— EXERCISE OBJECTIVE —
Below is a listing. Return the lines from the one that contains "Poo Pourri Toilet Spray 59ml - Vanilla Mint" to the one that contains "Jehova segne dich", both ends included, verbatim and with no pictures.

— THE DATA —
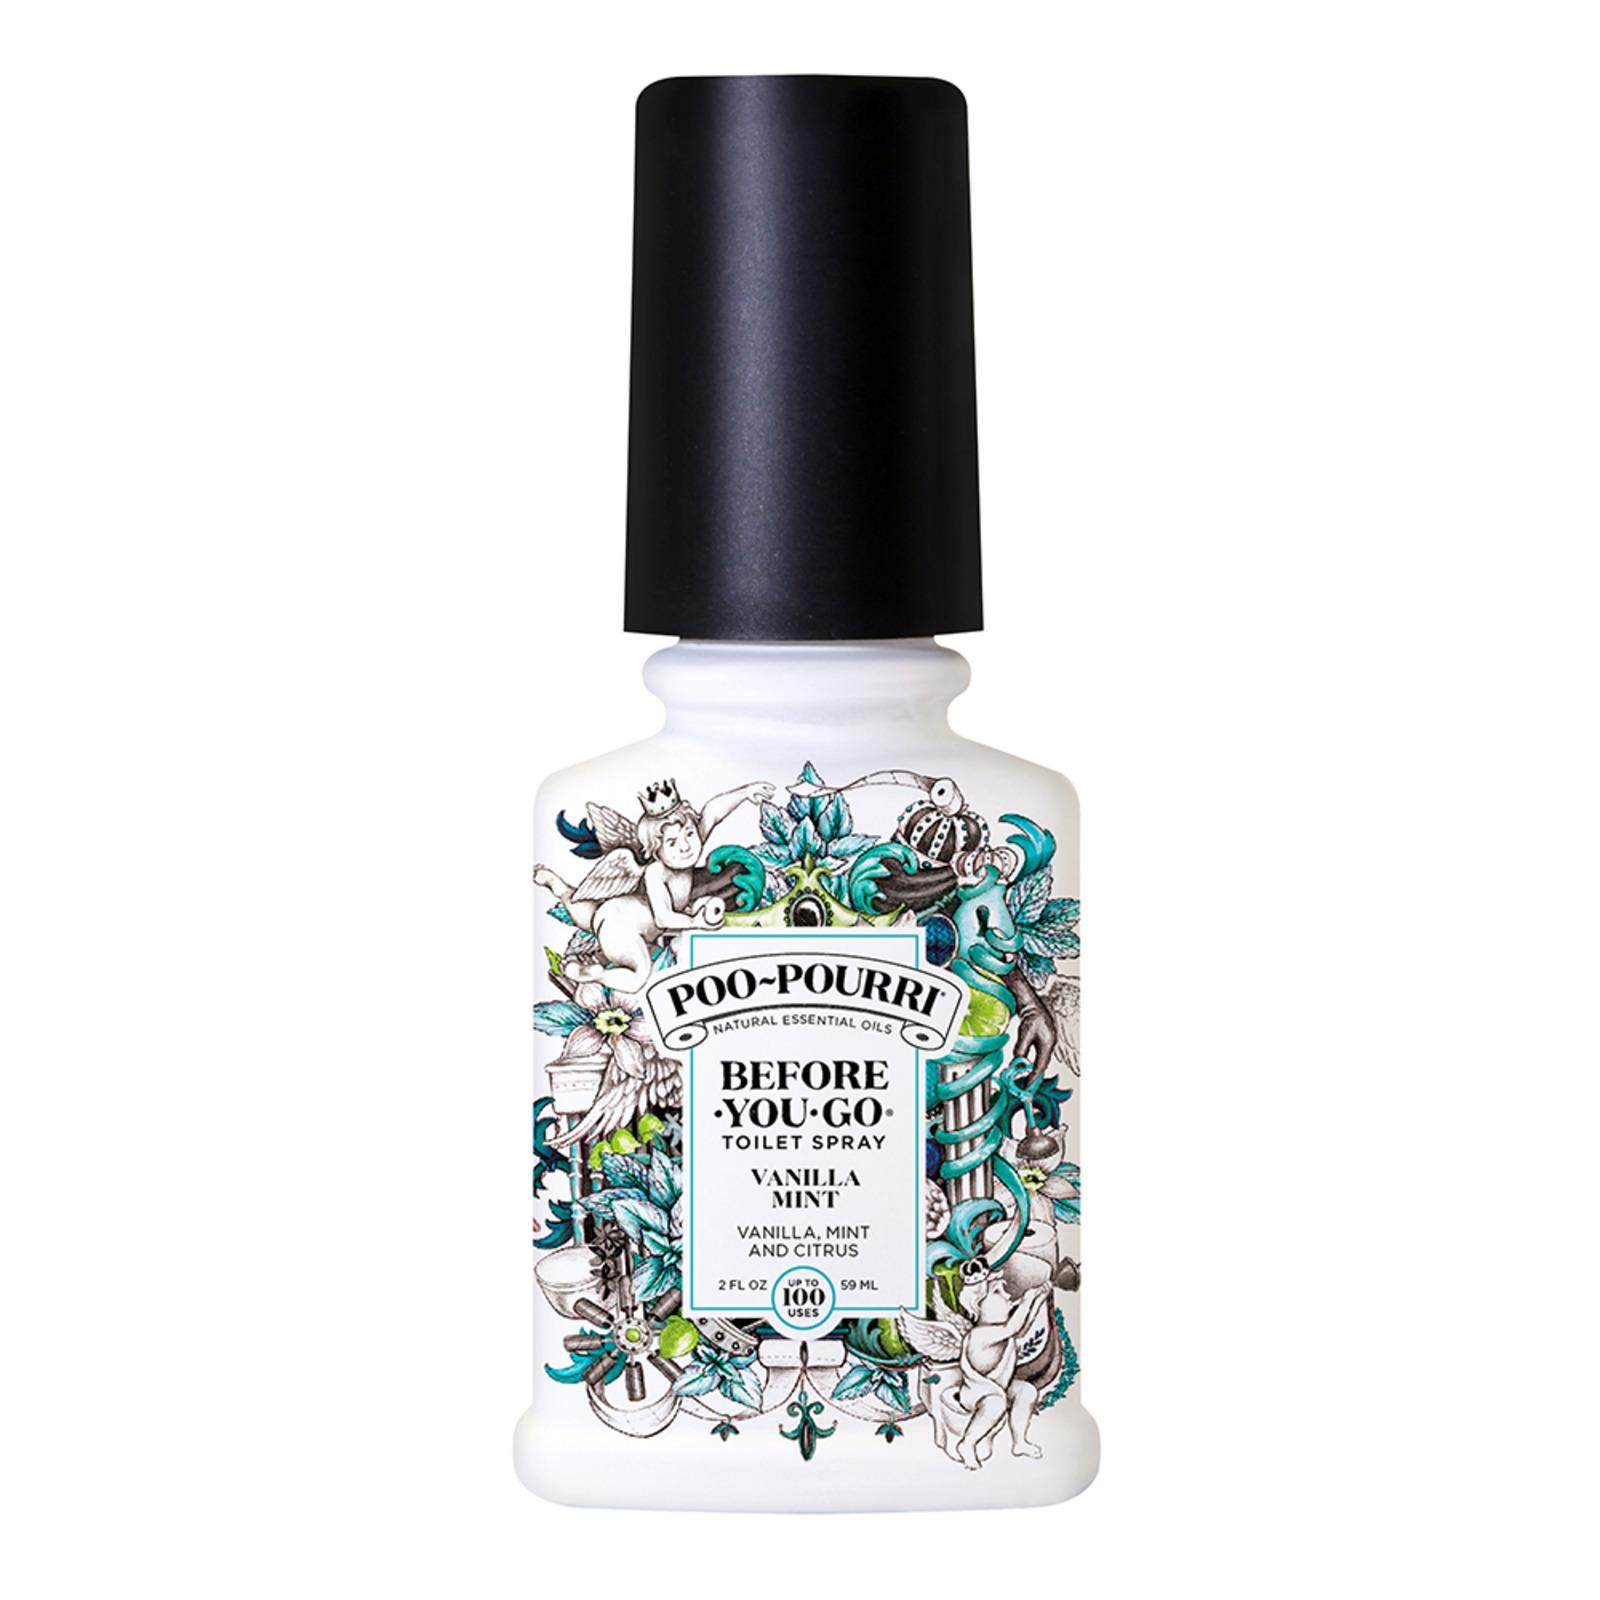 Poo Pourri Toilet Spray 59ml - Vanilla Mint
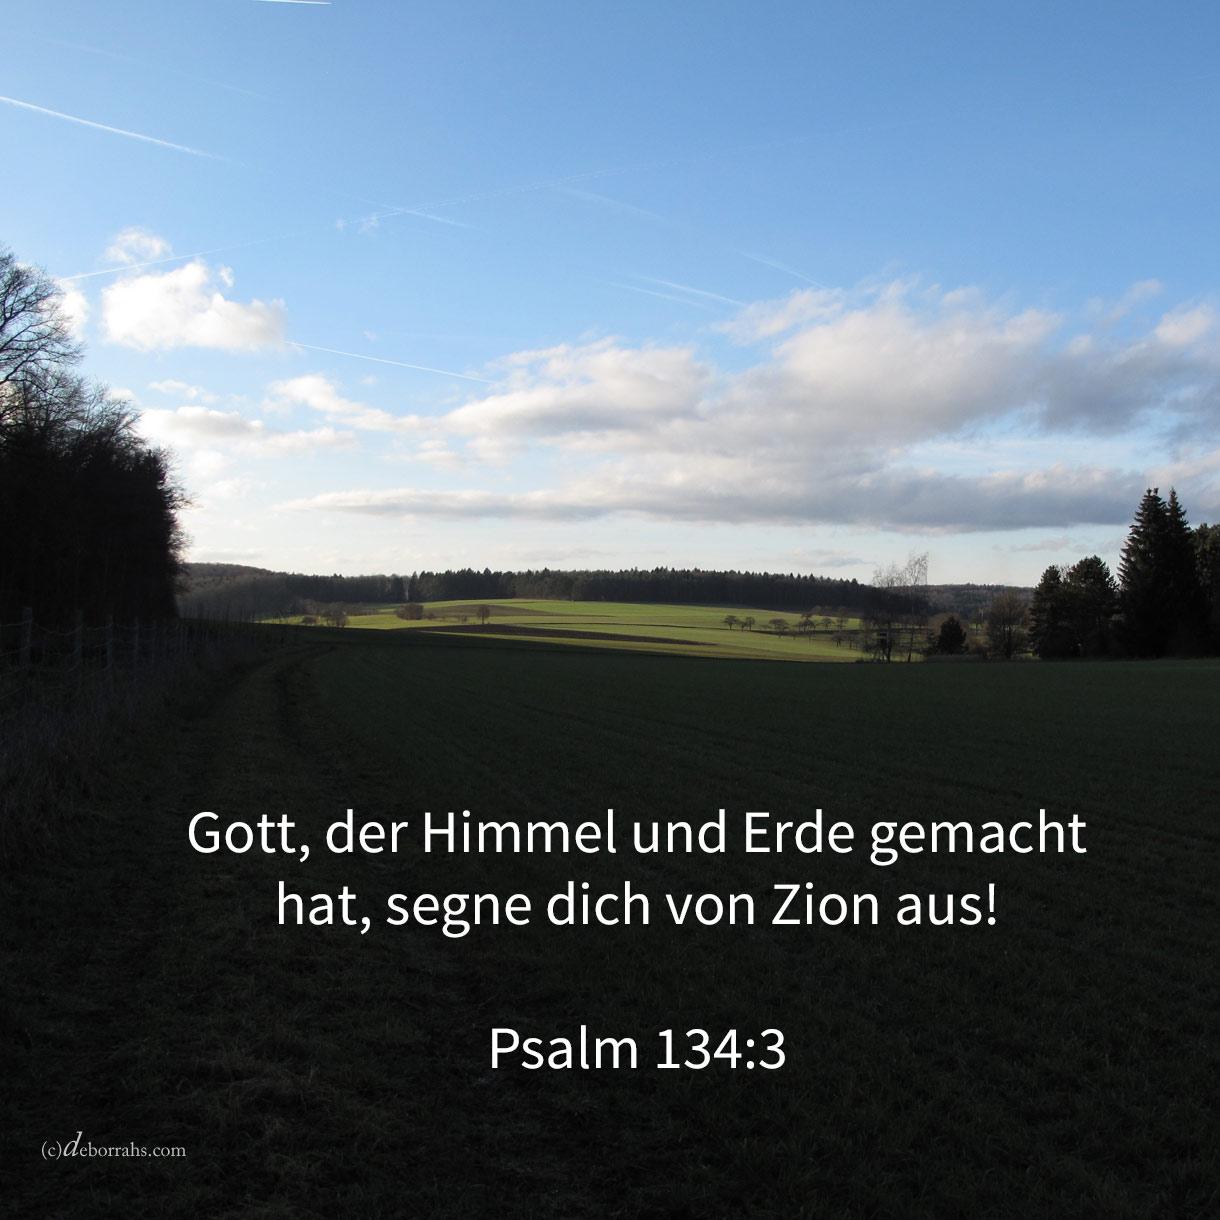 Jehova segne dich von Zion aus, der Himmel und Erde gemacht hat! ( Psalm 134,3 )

* * *

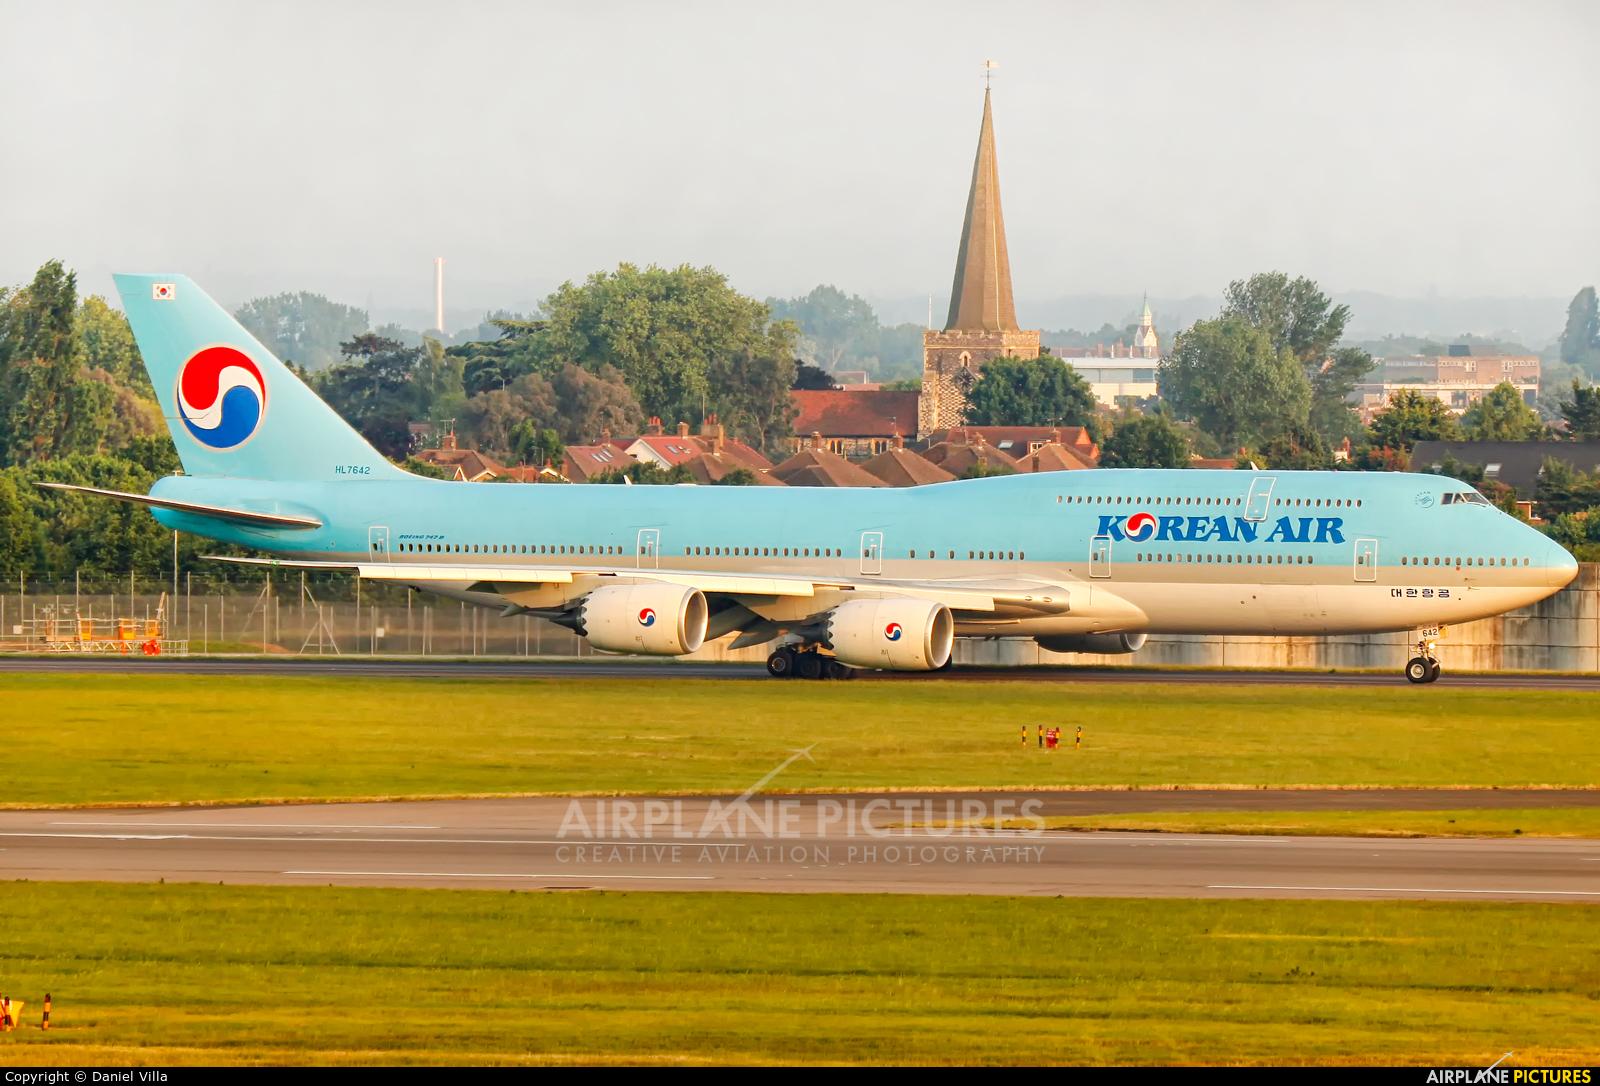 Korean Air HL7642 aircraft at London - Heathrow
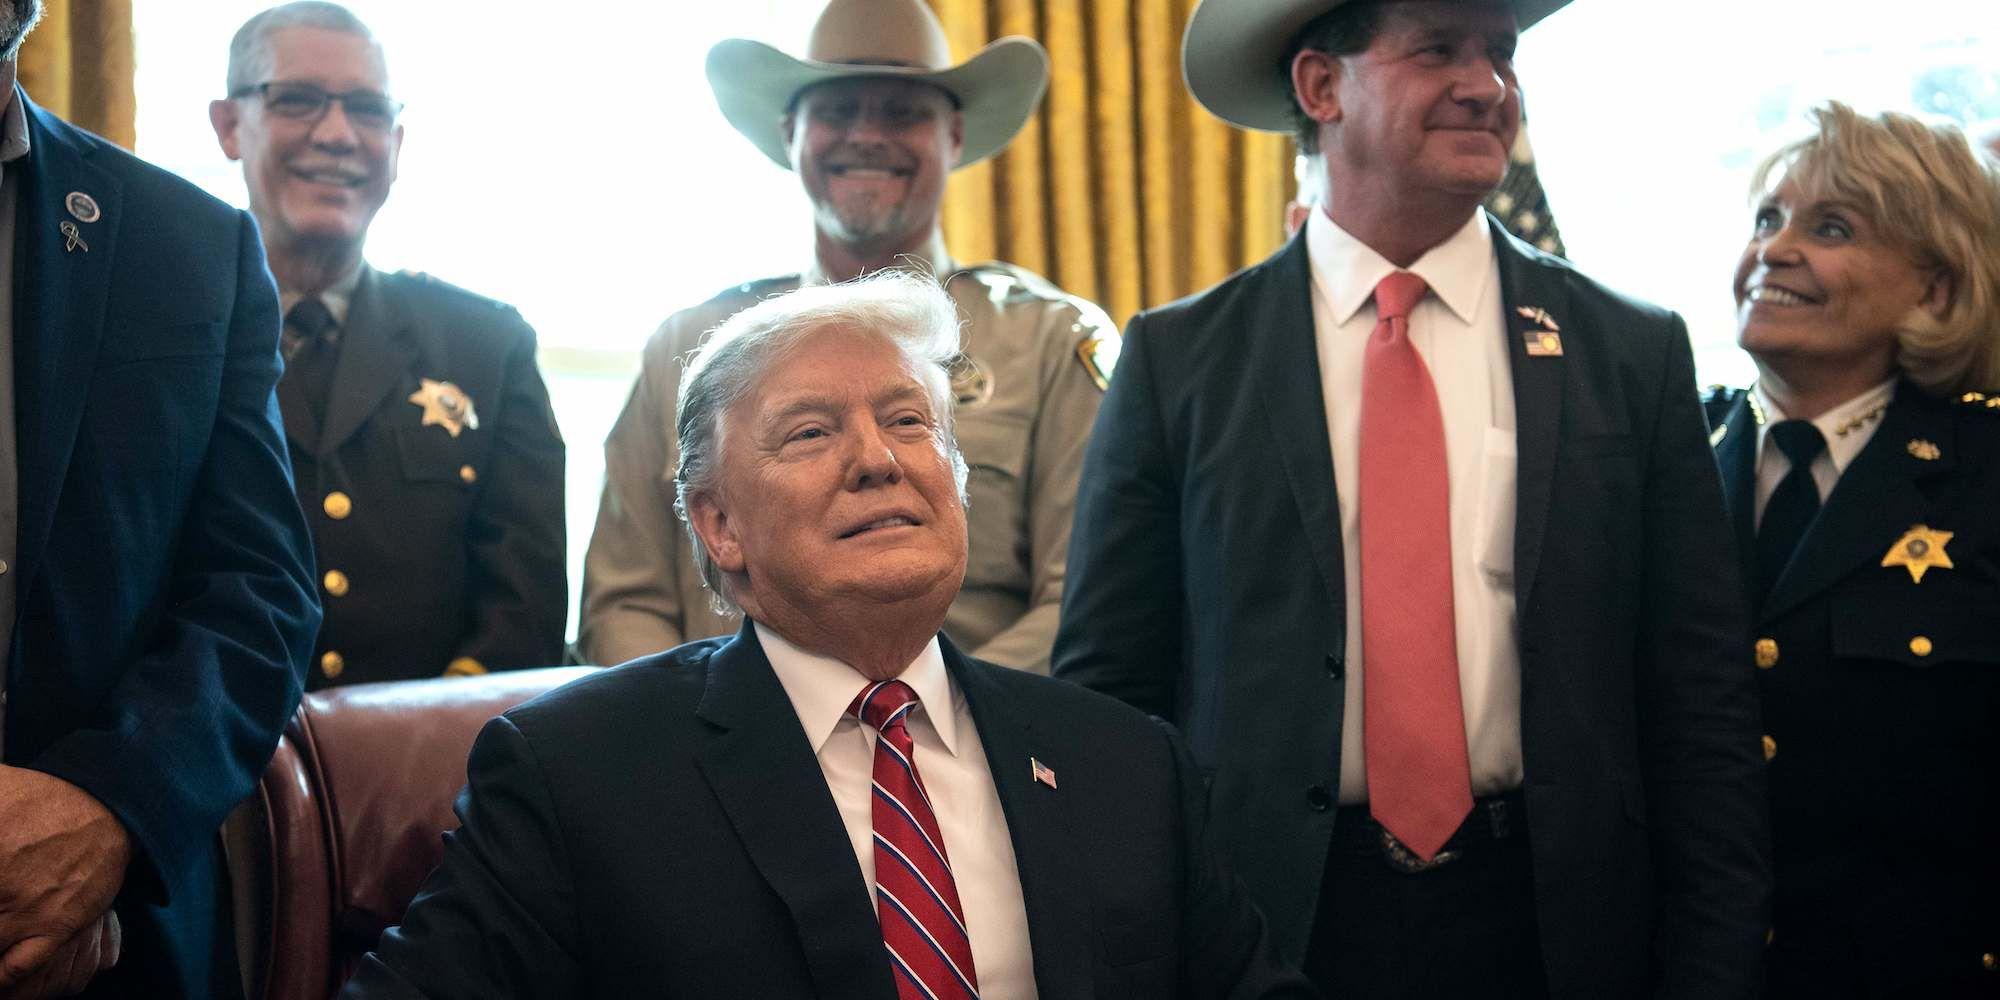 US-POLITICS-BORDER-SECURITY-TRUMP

— SOLVED EXERCISE —
 Poo Pourri Toilet Spray 59ml - Vanilla Mint
 Jehova segne dich von Zion aus, der Himmel und Erde gemacht hat! ( Psalm 134,3 )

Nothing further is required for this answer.